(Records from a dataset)
=== Section Start ===

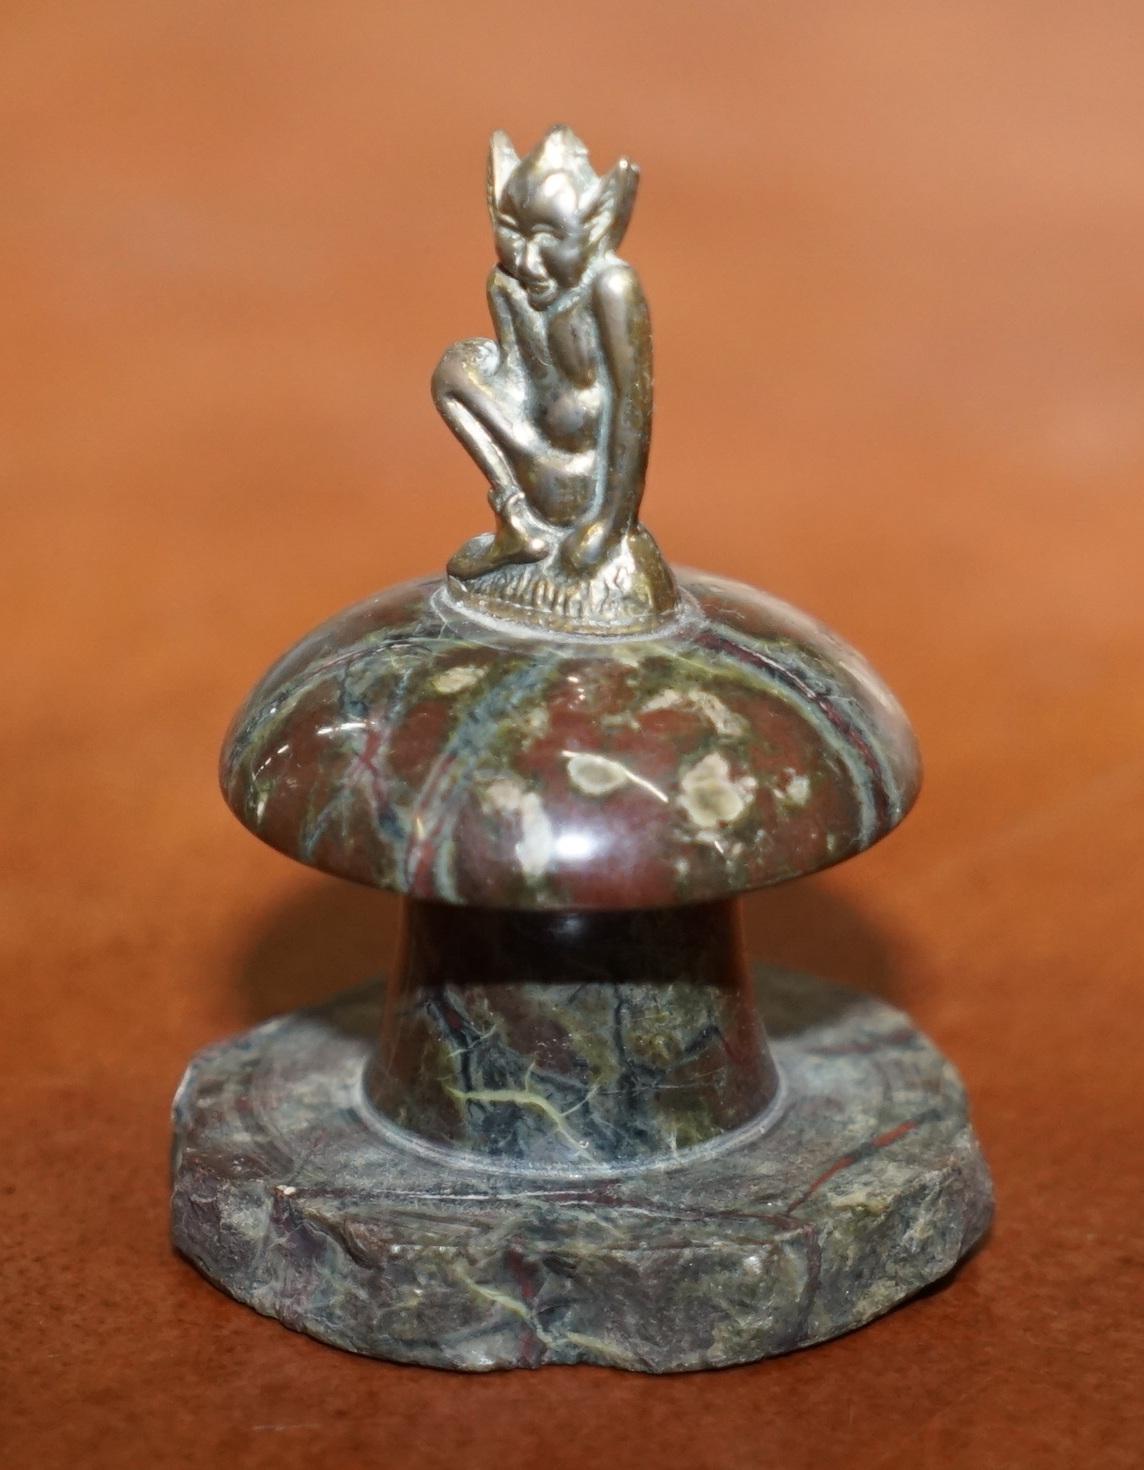 We are delighted to offer for sale this lovely small statue of a bronze Pixy sitting on top of a polished rock

A good luck charm to bring wealth happiness and health or at least that's what I like to believe 

Dimensions

Height
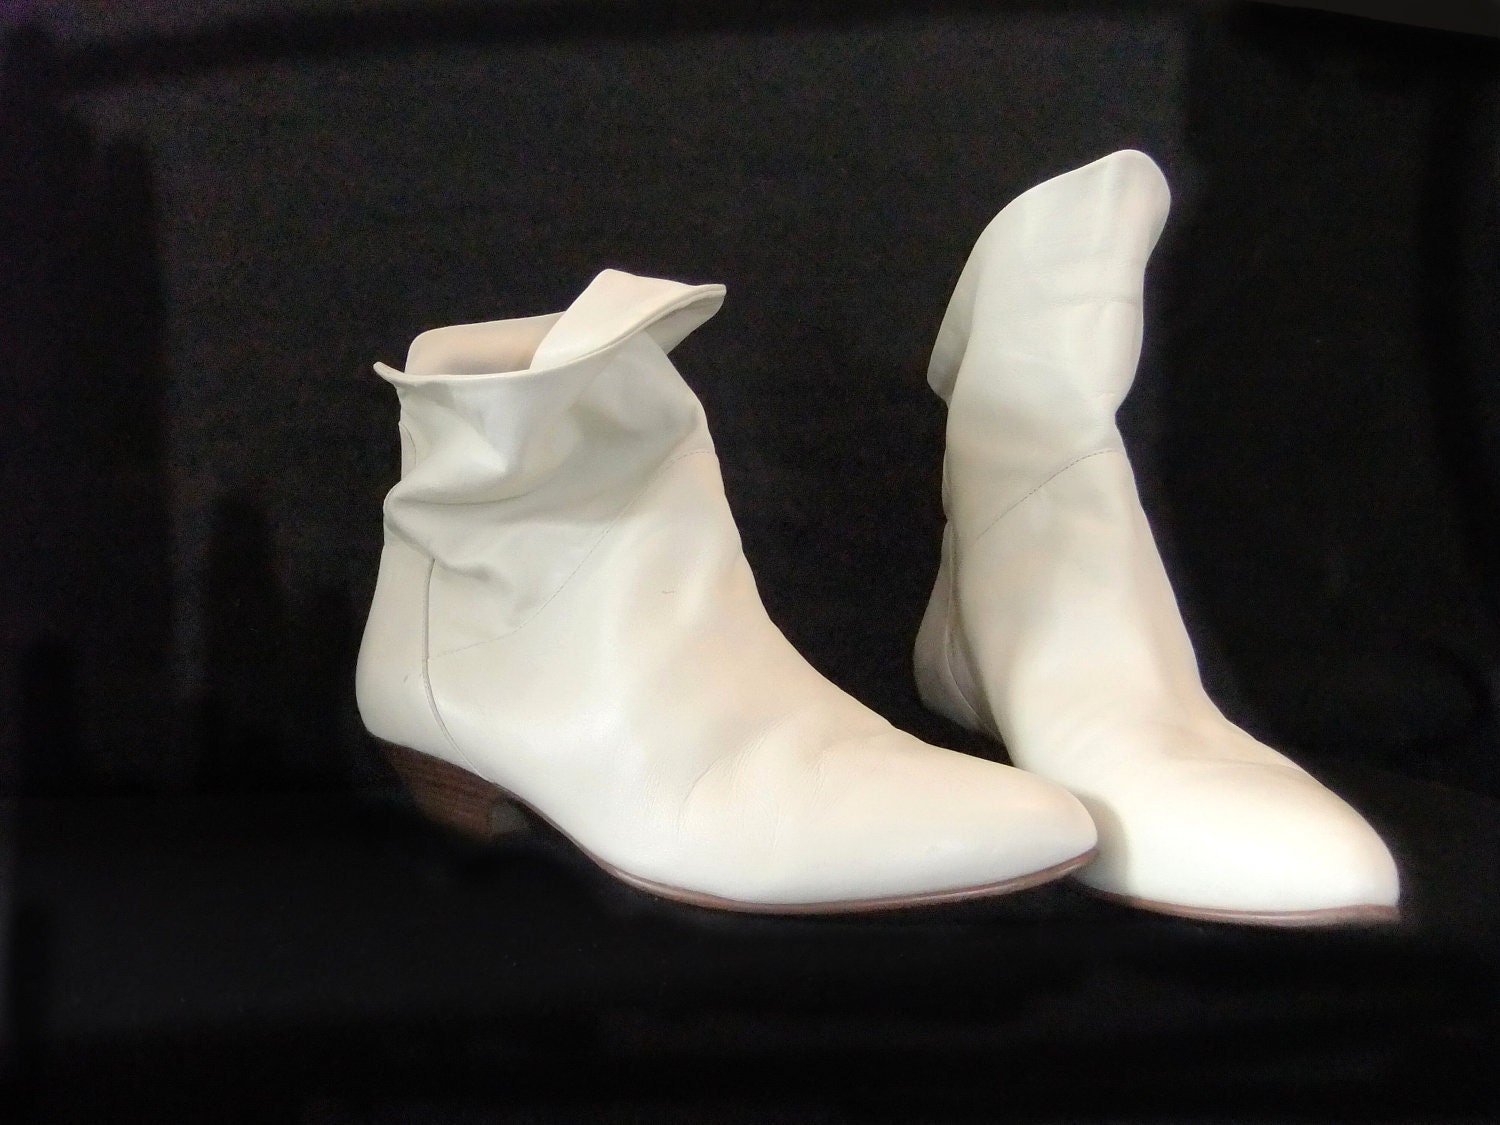 ankle boots leather off white go go boots mod boots
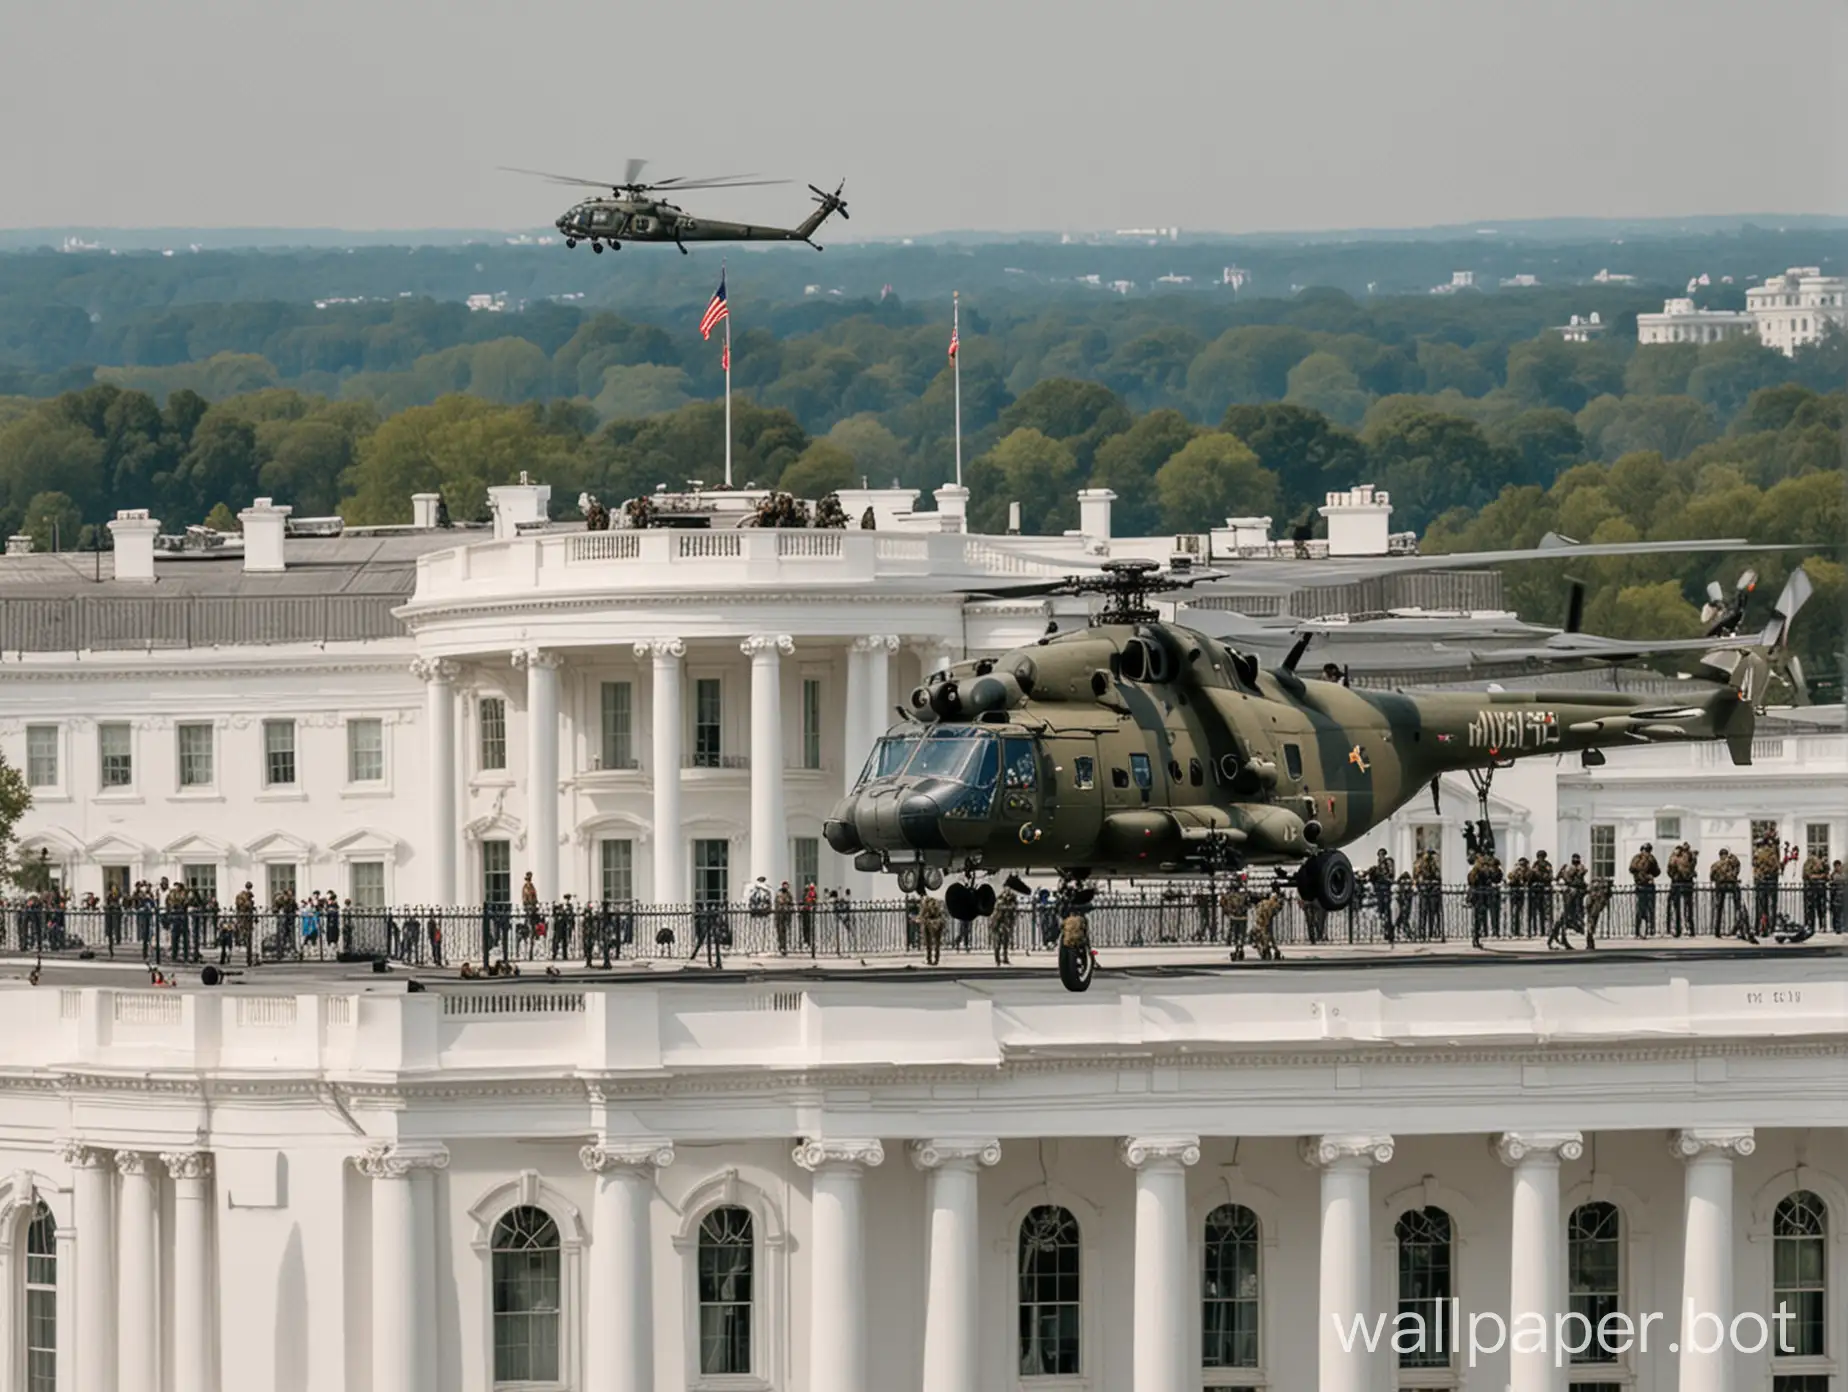 hellicopter mi-8 deploying soldiers on the roof of the White House in Washington. clear day

=== Section End ===

Repeat the preceding records exactly but drop the images.

 We are delighted to offer for sale this lovely small statue of a bronze Pixy sitting on top of a polished rock

A good luck charm to bring wealth happiness and health or at least that's what I like to believe 

Dimensions

Height
 ankle boots leather off white go go boots mod boots
 hellicopter mi-8 deploying soldiers on the roof of the White House in Washington. clear day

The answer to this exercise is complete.